I can only speculate how this might have affected my complaint, but it gives me hope. This clause in combination with other new provisions might have strengthened a different complaint I filed in 2002 against a high-level manager, in a city agency no less, who posted a confusing poster on her bulletin board about Israel. Most Jewish employees along with union leaders interpreted the posting as blatant Israel-bashing.
 
The agency’s commissioner ordered the sign removed and the manager posted a similar sign two days later. The manager – let’s call her Vanessa, as in Redgrave – should have known that the first sign would infuriate her Jewish colleagues. If she was unaware, she had to know she was creating a “hostile environment” when she posted the second sign.
 
The EEOC determined that this was a “free speech” issue, and the investigator indicated that Vanessa might have been told by the commissioner in a memo not to repeat this action. She repeated this kind of action later and retaliated against me a few times. Retaliation was considered a discriminatory practice long before President Obama took office.
 
My take was that Vanessa deliberately produced a “hostile environment,” a term specifically employed in sexual harassment cases. Now “hostile environment” applies to all forms of discrimination covered by the CRA.
 
The revised provision reads: “Sexual harassment – This includes practices ranging from direct requests for sexual favors to workplace conditions that create a hostile environment for persons of either gender, including same sex harassment. (The ‘hostile environment’ standard also applies to harassment on the bases of race, color, national origin, religion, age and disability.)”
 
The fact sheet addresses employees who are ordered to speak English at work at all times. The document states: “A rule requiring that employees speak only English on the job may violate Title VII unless an employer shows that the requirement is necessary for conducting business.

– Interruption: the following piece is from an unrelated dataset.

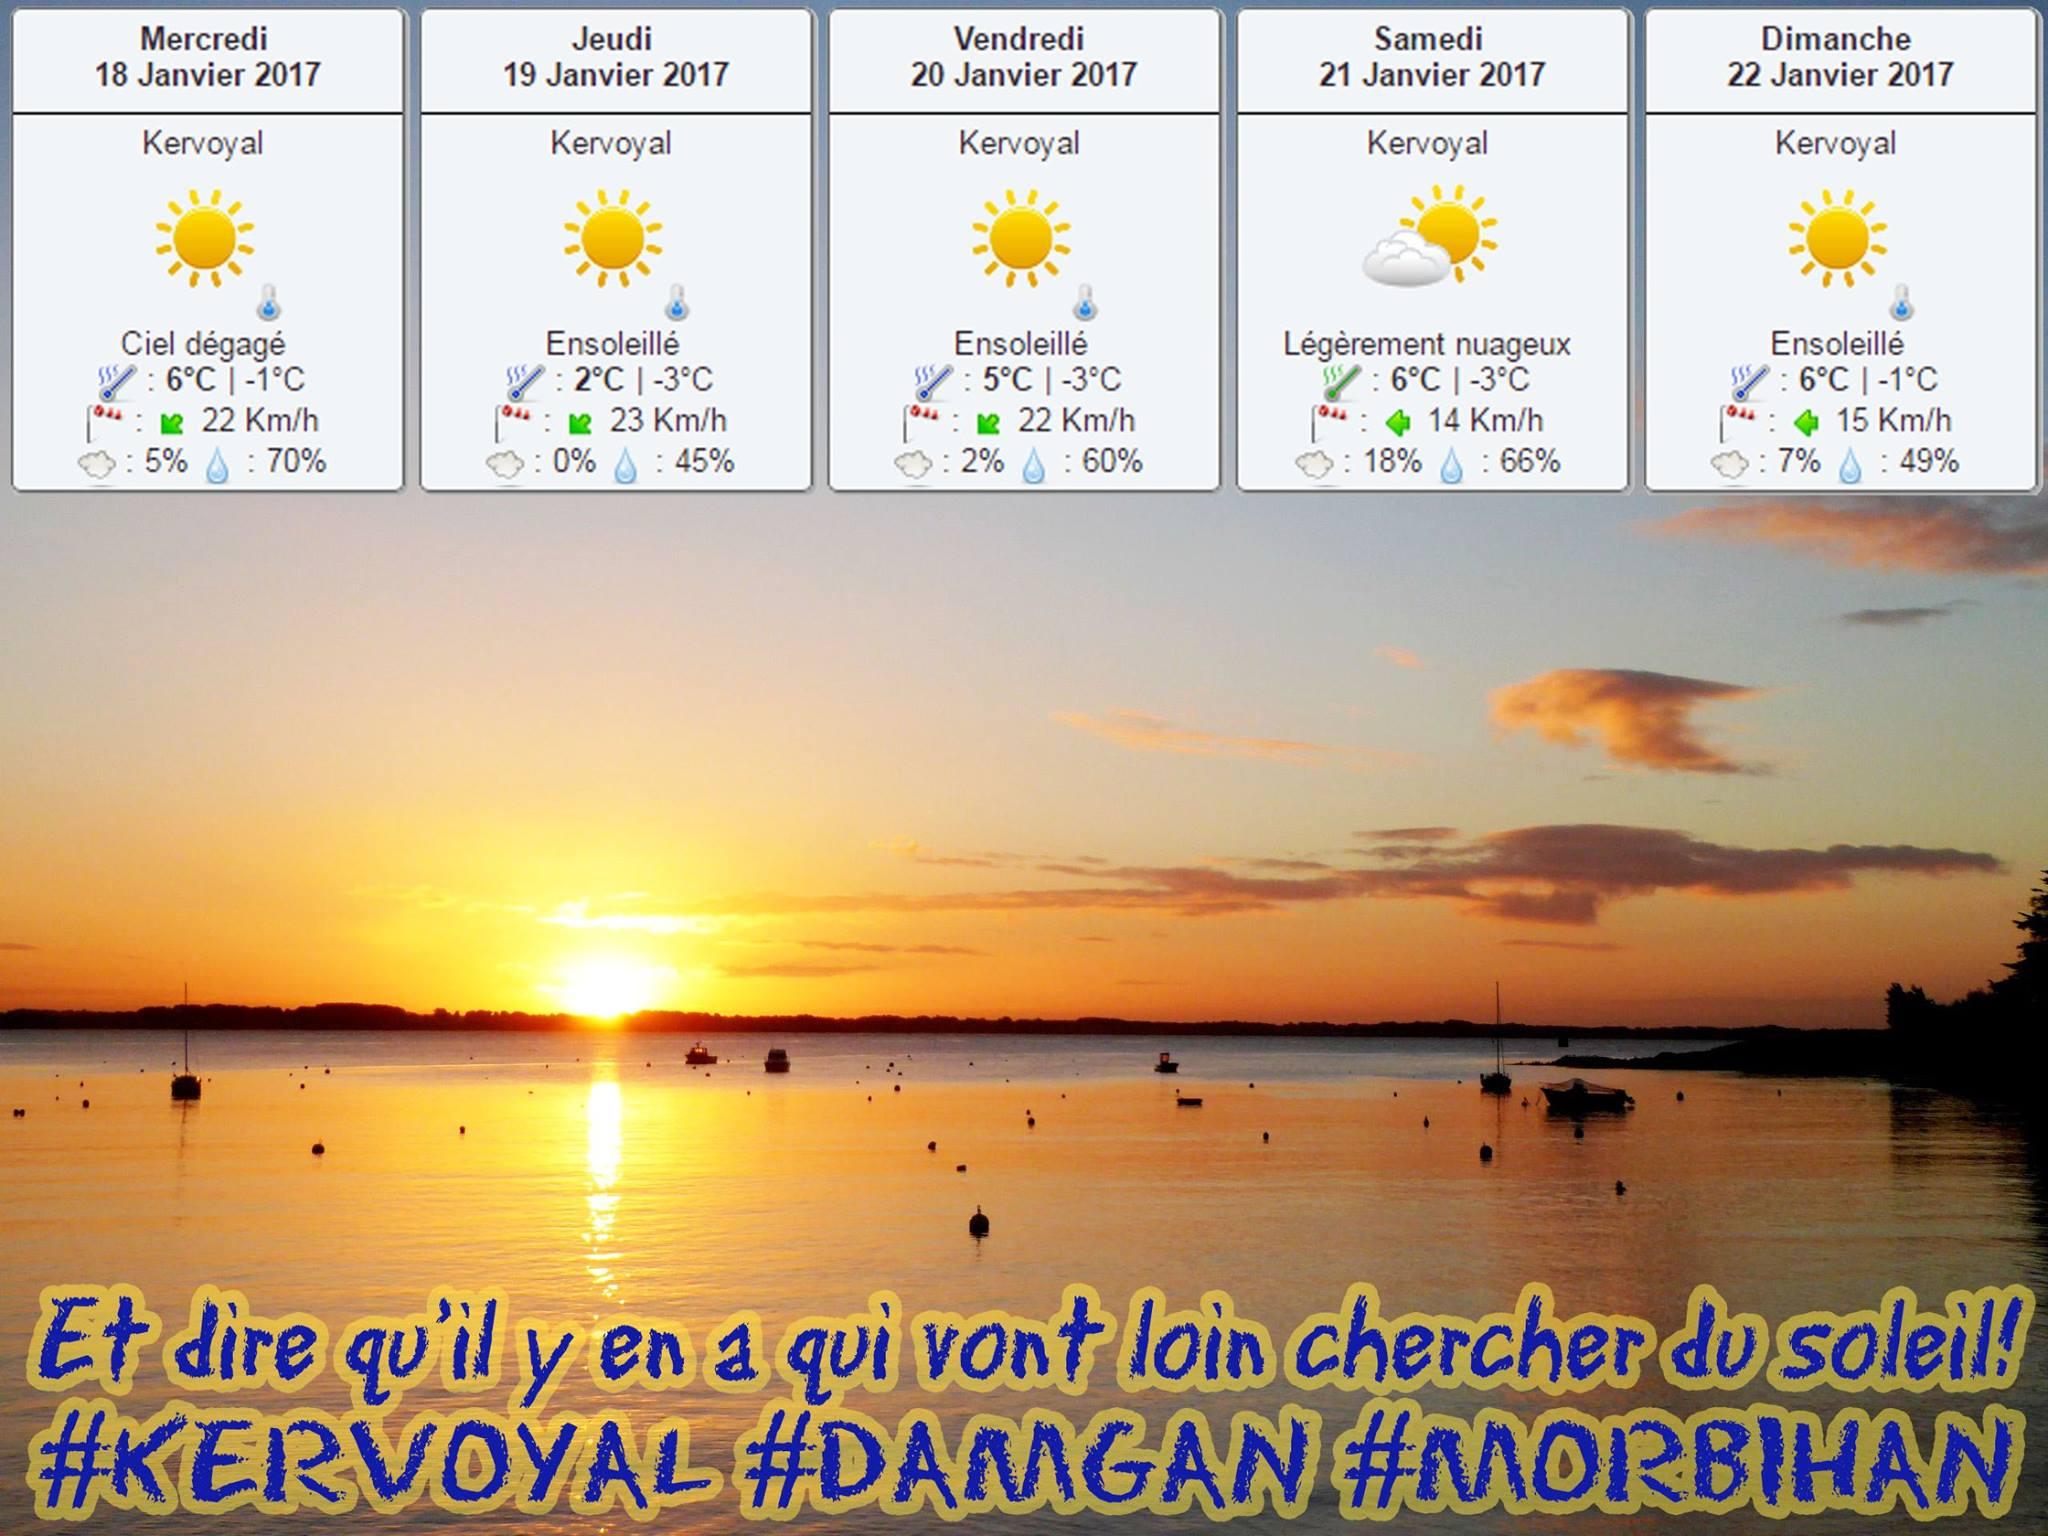 Journée estivale en janvier à kervoyal en damgan
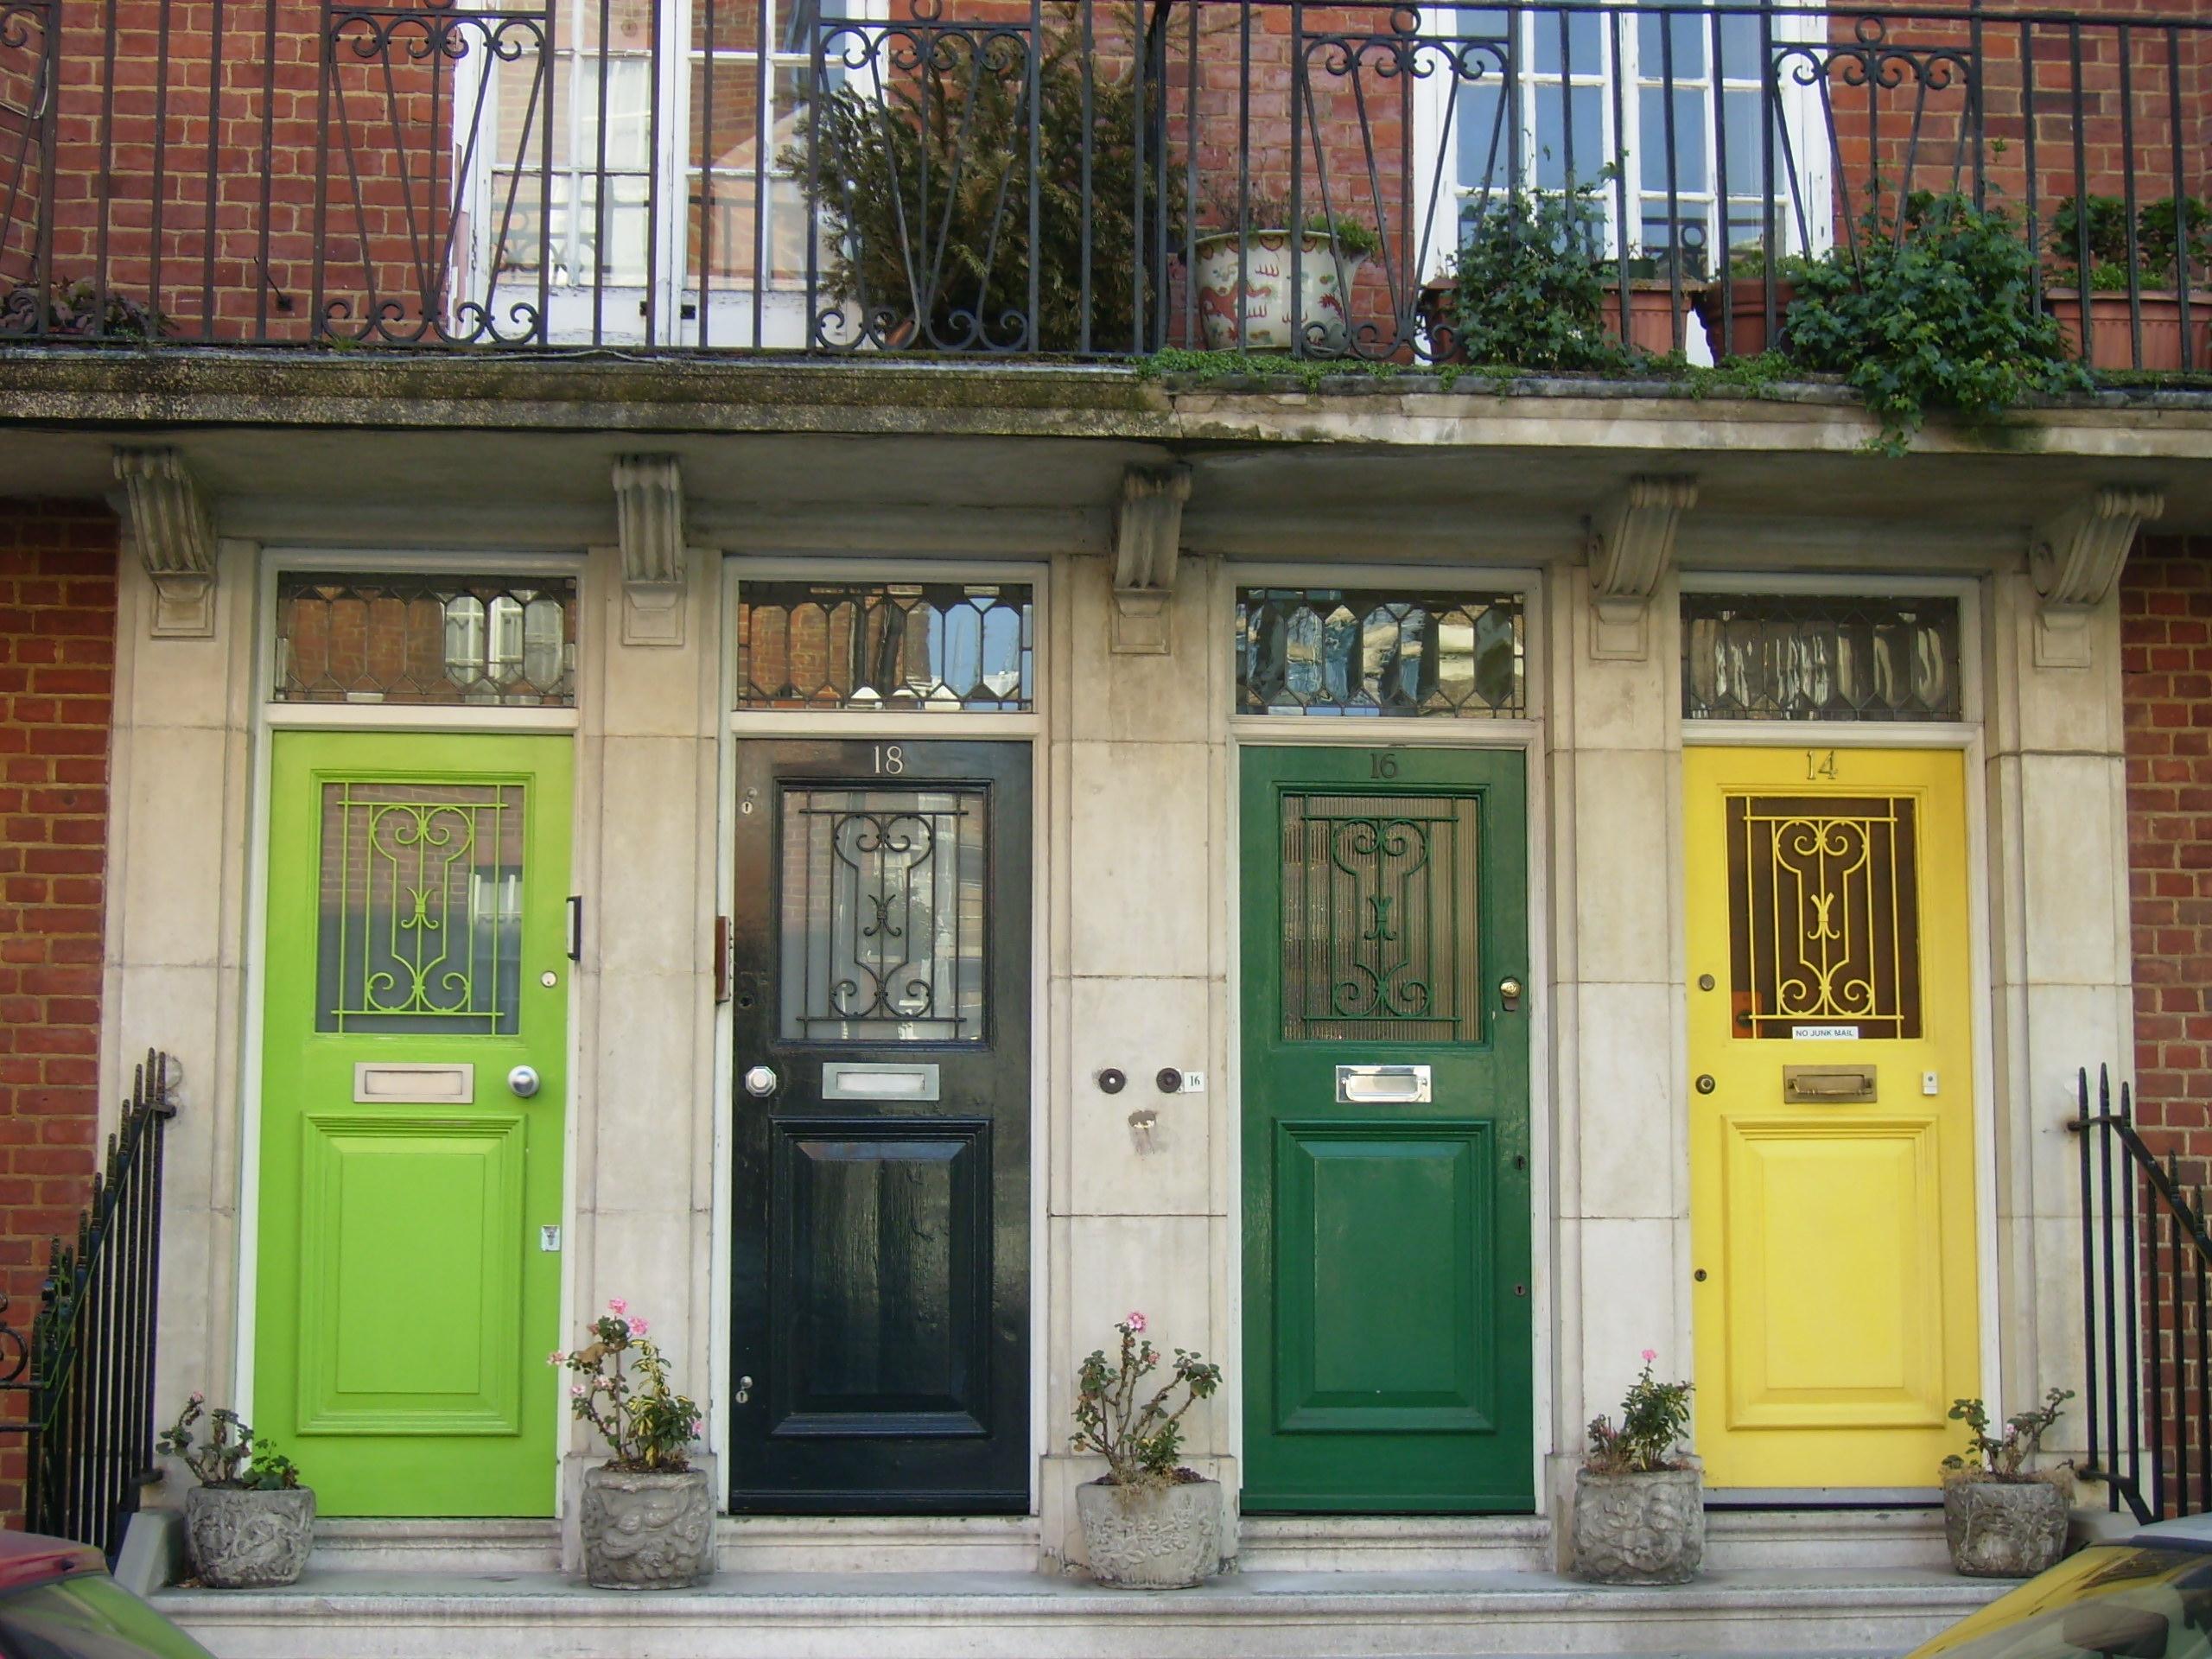 Decorate your doors! & Decorate your doors! : NICOLE COHEN

If the employer believes such a rule is necessary, employees must be informed when English is required and the consequences for violating the rule.”
 
Paul can sigh with relief that the gay community is not covered in this fact sheet, but he and his allies know they cannot relax over that.
 
I do wonder why Paul would raise his concerns now. Perhaps he has always felt this way and brought it up as part of his introduction on the public stage. Or, business leaders have complained to him that Obama’s EEOC has intensified the pressure while investigating complaints.
 
If the EEOC has thrown offending employers off balance, that’s progress.